Customer churn is a serious problem for service providers.
While telecommunication and cable companies have made great progress in reducing churn over the last couple of decades, churn is once again on the rise. Even a single basis point increase in churn can mean more than $1M in customer value lost per month for large service providers. That’s a significant number. And the recent rise in churn isn’t because of a product or service offering (although those can occasionally be factors). It’s largely because of two things: poor customer service and ignoring insights that suggest a customer might be at risk.
Poor customer service drives subscriber churn.
According to a 2022 study by CCW Digital, 60 percent of consumers would consider switching to a competitor after two or fewer bad experiences. The same study found the 17 percent considered leaving after a single bad interaction. And the damage doesn’t end there. The White House Office of Consumer Affairs reports that unhappy customers will tell between 9 and 15 people about their experience, with 13 percent sharing their customer experience woes with more than 20 people. That means poor customer service doesn’t just fuel churn—it also impacts new subscriber acquisition and, consequently, profitability.
Consumers consider switching to a competitor after two or fewer bad interactions
Consumers consider leaving after a single bad interaction
Identifying churn risk customers with conversational insights and analytics
Is customer churn just a numbers game or can companies identify customers at risk of churning before they leave? With conversational intelligence, service providers can leverage behavioral insights and analytics to pinpoint risk factors. Perhaps a customer is out of contract or has had service issues or customer support issues or simply isn’t using their service as they have in the past. Identifying these (and other) risk factors can go a long way in preventing churn before it occurs. But only if companies take proactive action.
Proactive customer service can save subscribers at risk of churning.
Just because a customer has a bad customer experience, however, doesn’t mean the relationship is doomed. According to the SFDC State of the Connected Customer by Salesforce, 80 percent of customers will forgive a company for its mistakes after receiving excellent customer service. The key to rebounding from a bad experience—and reducing the risk of a customer churning—is responding with proactive care. As we discussed in an earlier article, proactive care happens when customer service looks beyond the initial interaction (or interactions) for opportunities to reconnect and re-engage with a customer. For at-risk customers, this means following up with possible solutions or remedies shortly after the negative experience. But how can companies respond before a customer defects? With the right technology.
Delivering proactive care with conversational AI and automation
Conversational AI delivers the conversational insights and analytics service providers need to target (and even predict) churn risks. Companies can then use this data to automate proactive service—and save the customer relationship before it’s too late. In fact, we’ve recently heard from a provider who reported that at-risk customers who were left untreated were eight times more likely to defect than those who received proactive treatment. That’s significant.

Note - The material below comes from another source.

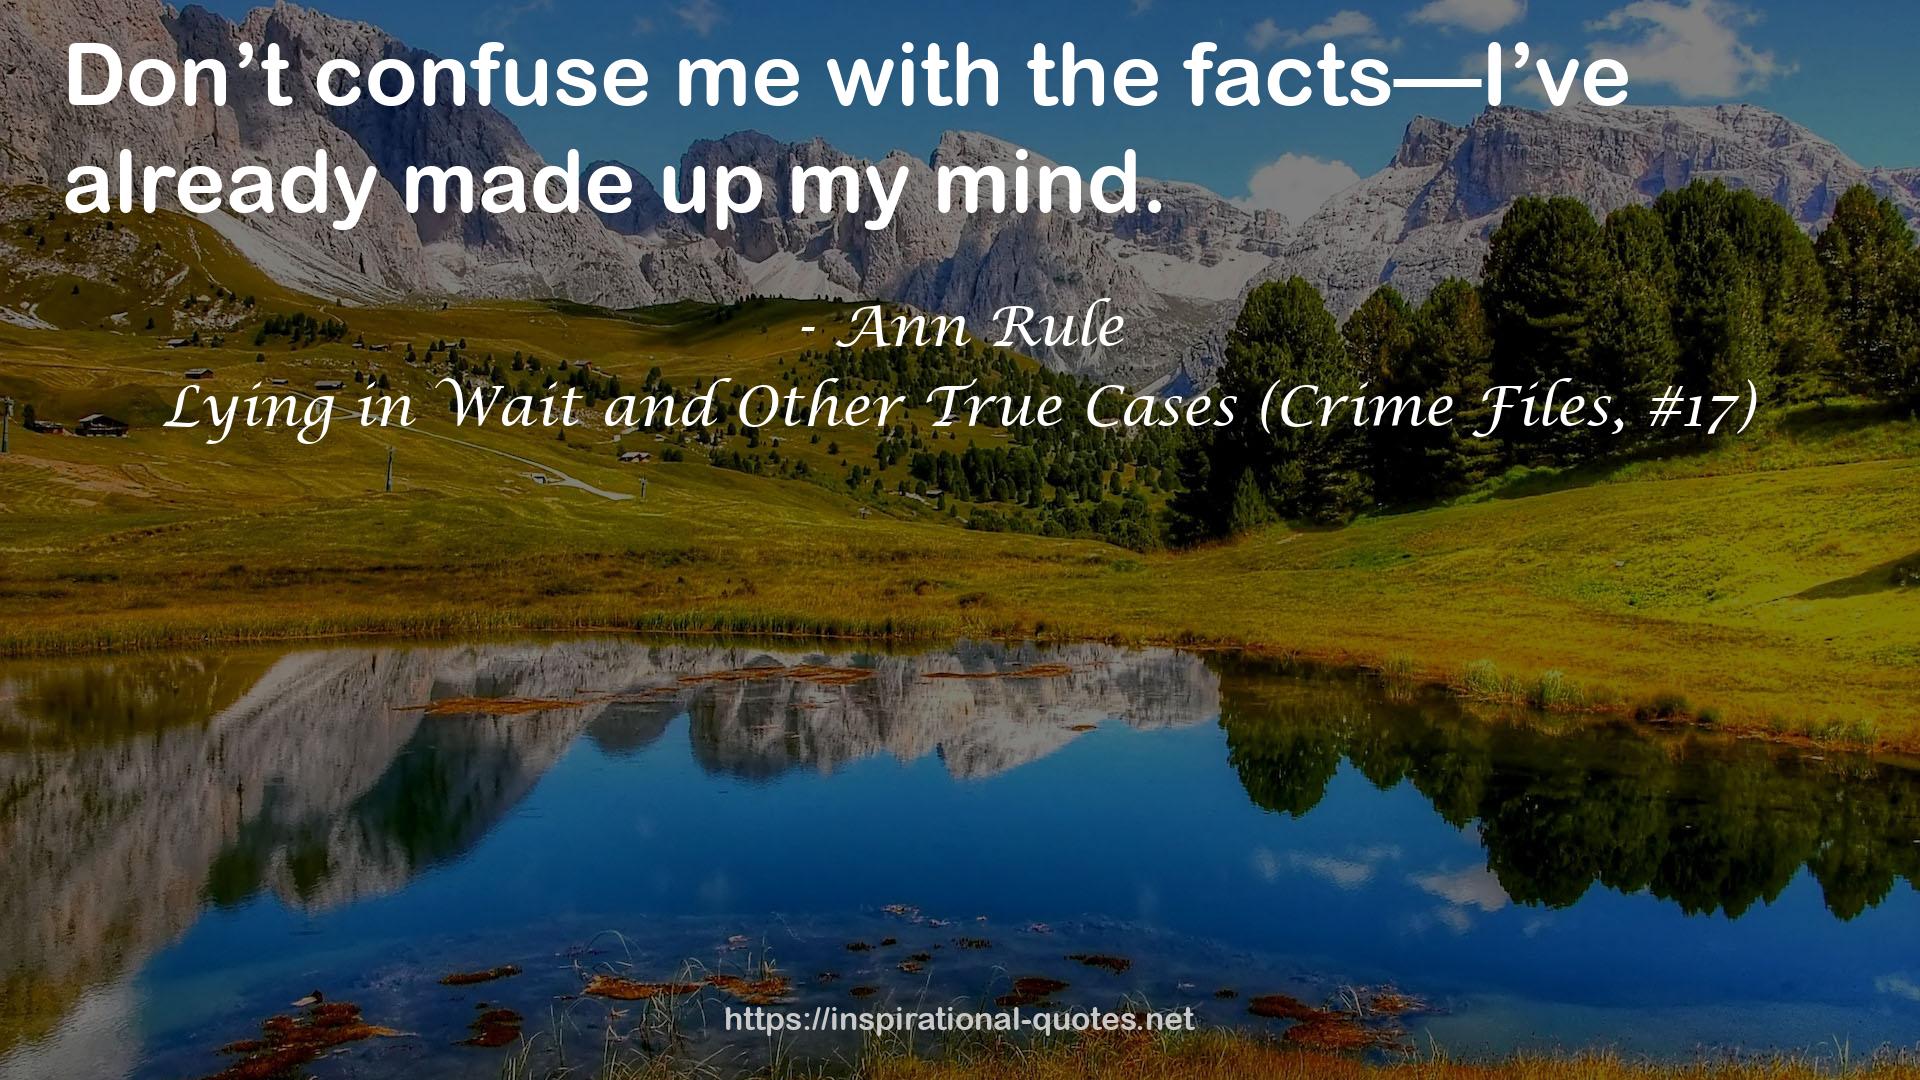 Lying in Wait and Other True Cases (Crime Files, #17) QUOTES

But just how does conversational AI uncover the data needed to turn things around?
Combining natural language processing (NLP), artificial intelligence and machine learning, conversational AI analyzes customer conversations for valuable insights, captures relevant data and can even offer dynamic guidance to customer service representatives in real time. This includes flagging signs of dissatisfaction—including subscriber intent, sentiment and emotion—which would otherwise go unnoticed. Armed with this information, companies can then coach (or guide) agents at the moment of need or automate follow-up actions aimed at deescalating negatively charged interactions and recapturing customer loyalty.
How Uniphore helps service providers fight customer churn
Uniphore not only offers the industry’s premier platform for conversational AI, automation and interaction analytics, it fuses it with key APIs, like knowledge AI, automated speech recognition (ASR), NLP, behavior/sentiment analysis, tonal emotion and computer vision. This holistic approach allows service providers to unlock the full value of every customer conversation—in real-time and at scale. Now, providers can find the true pulse of their subscribers and take proactive steps toward turning the tide on customer churn.
But that’s only half the story. Our suite of AI-enabled tools—including U-Assist and U-Analyze —turn customer triage (i.e., churn reduction) into an opportunity to boost customer lifetime value (CLV). By analyzing both past and real-time interactions, U-Analyze can unearth actionable insights that can influence customer behavior—when the first signs of dissatisfaction appear. Drawing on this (and other) data, the real-time guidance in U-Assist can aid live agents on the next-best actions to take to resolve a customer’s issue and improve their brand relationship and, ultimately, loyalty. This process of transforming risk into opportunity offers massive value to service providers struggling with fluctuating CLV. And with the recent addition of behavioral science experts from Hexagone, these solutions will only become stronger and more accurate—exactly when companies need them the most.